Community associations play a crucial role in managing community living, ensuring that shared spaces are maintained and that residents abide by community rules. Effective governance hinges on active participation from homeowners, particularly during owner meetings. ILCS 160/1-40 of the Common Interest Community Association Act provides guidance with respect to owner meetings. This article will address important items common interest community associations should know about owner meetings.
765 ILCS 160/1-5 of the Common Interest Community Association Act defines a common interest community as follows:
“Common interest community” means real estate other than a condominium or cooperative with respect to which any person by virtue of his or her ownership of a partial interest or a unit therein is obligated to pay for the maintenance, improvement, insurance premiums or real estate taxes of common areas described in a declaration which is administered by an association. “Common interest community” may include, but not be limited to, an attached or detached townhome, villa, or single-family home. A “common interest community” does not include a master association.

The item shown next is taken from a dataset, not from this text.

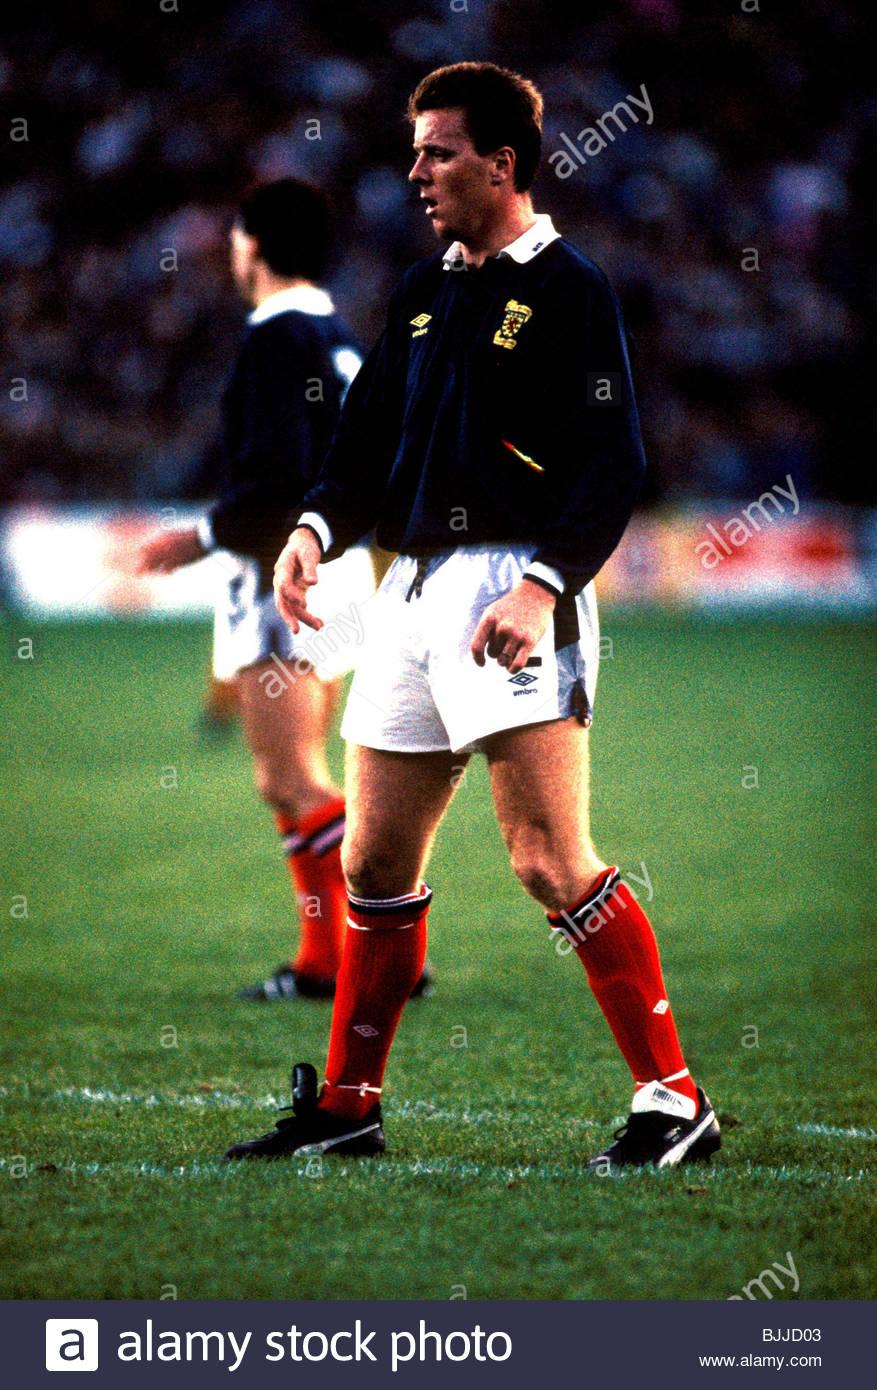 14/09/88 WORLD CUP QUALIFIER NORWAY V SCOTLAND (1-2) ULLEVAAL STADIUM - OSLO Scotland's Steve Nicol - Stock Image
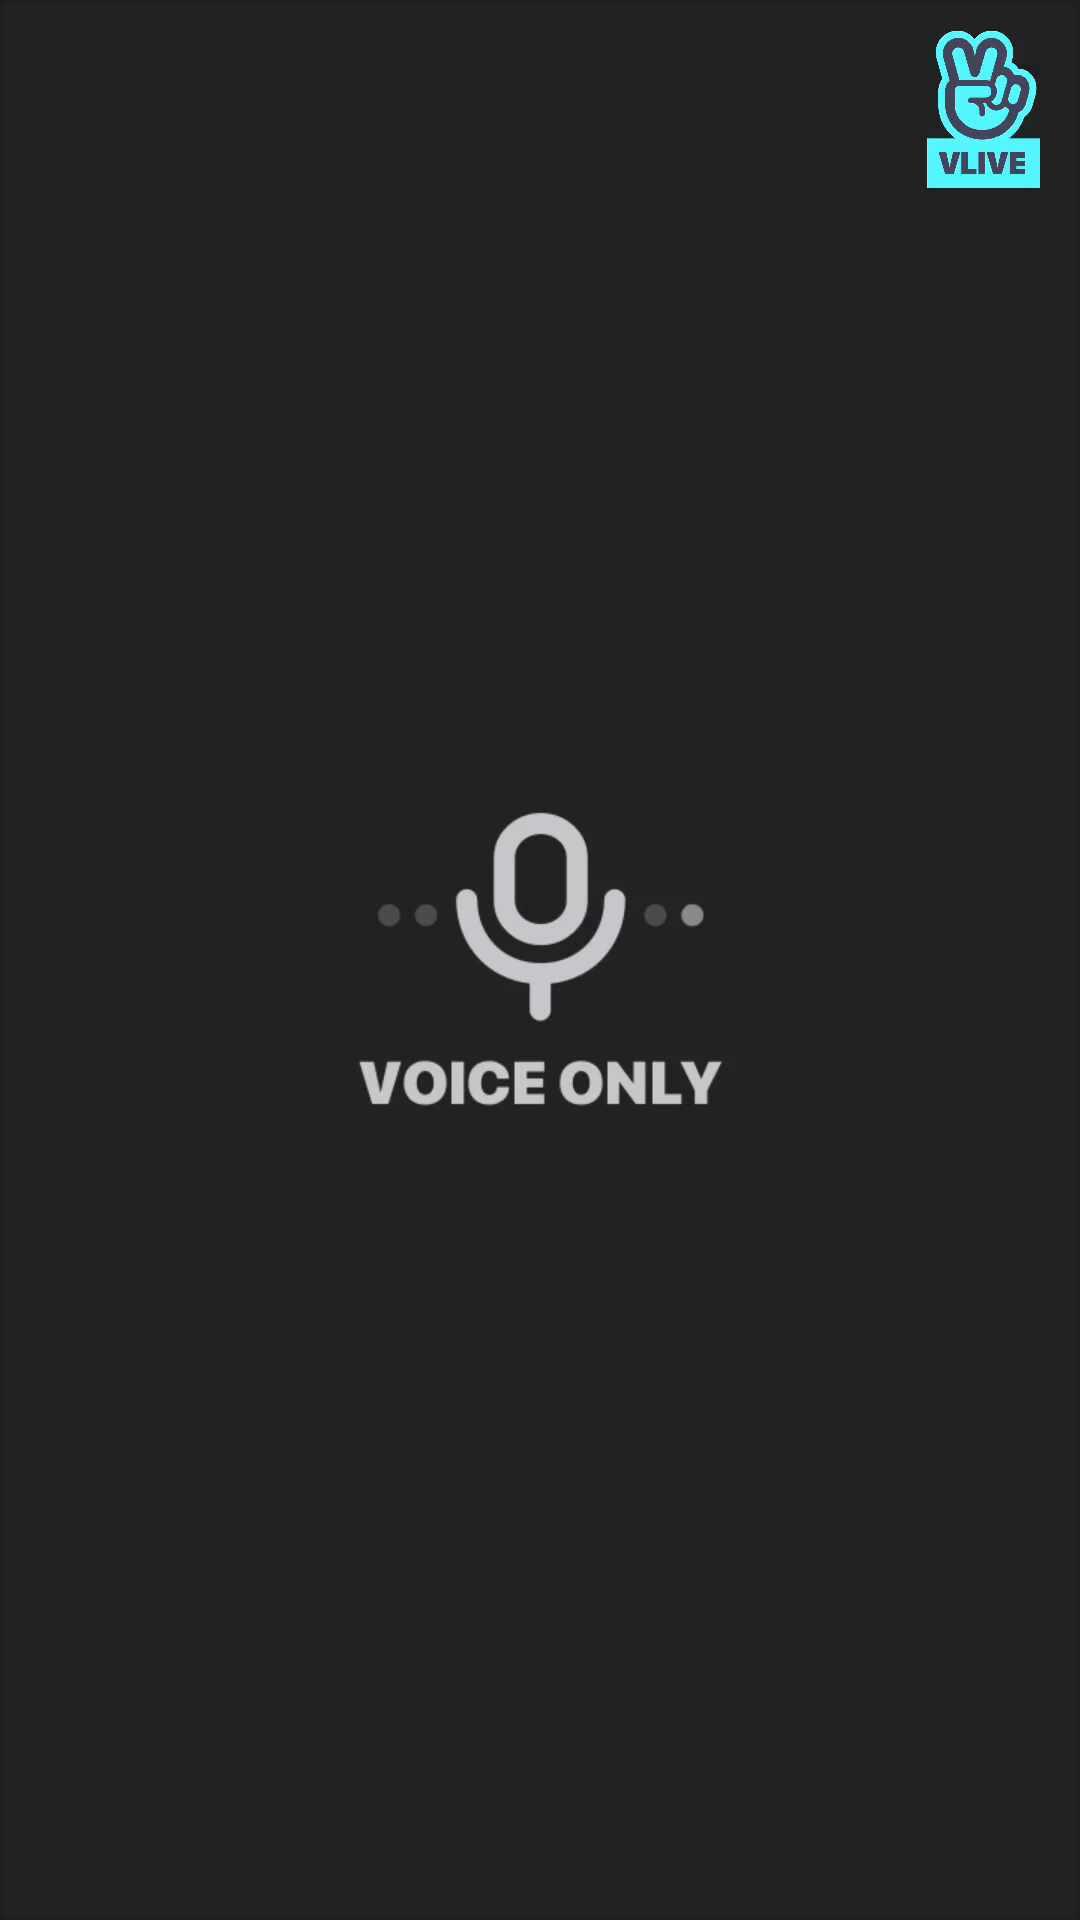 [RADIO] 캐럿들 귀대귀대 #88

765 ILCS 160/1-75(a) contains the following exemption for associations with respect to complying with the Illinois Common Interest Community Association Act:
(a) A common interest community association organized under the General Not for Profit Corporation Act of 1986 and having either (i) 10 units or less or (ii) annual budgeted assessments of $100,000 or less shall be exempt from this Act unless the association affirmatively elects to be covered by this Act by a majority of its directors or members.
(b) Common interest community associations which in their declaration, bylaws, or other governing documents provide that the association may not use the courts or an arbitration process to collect or enforce assessments, fines, or similar levies and common interest community associations (i) of 10 units or less or (ii) having annual budgeted assessments of $50,000 or less shall be exempt from subsection (a) of Section 1-30, subsections (a) and (b) of Section 1-40, and Section 1-55 but shall be required to provide notice of meetings to members in a manner and at a time that will allow members to participate in those meetings.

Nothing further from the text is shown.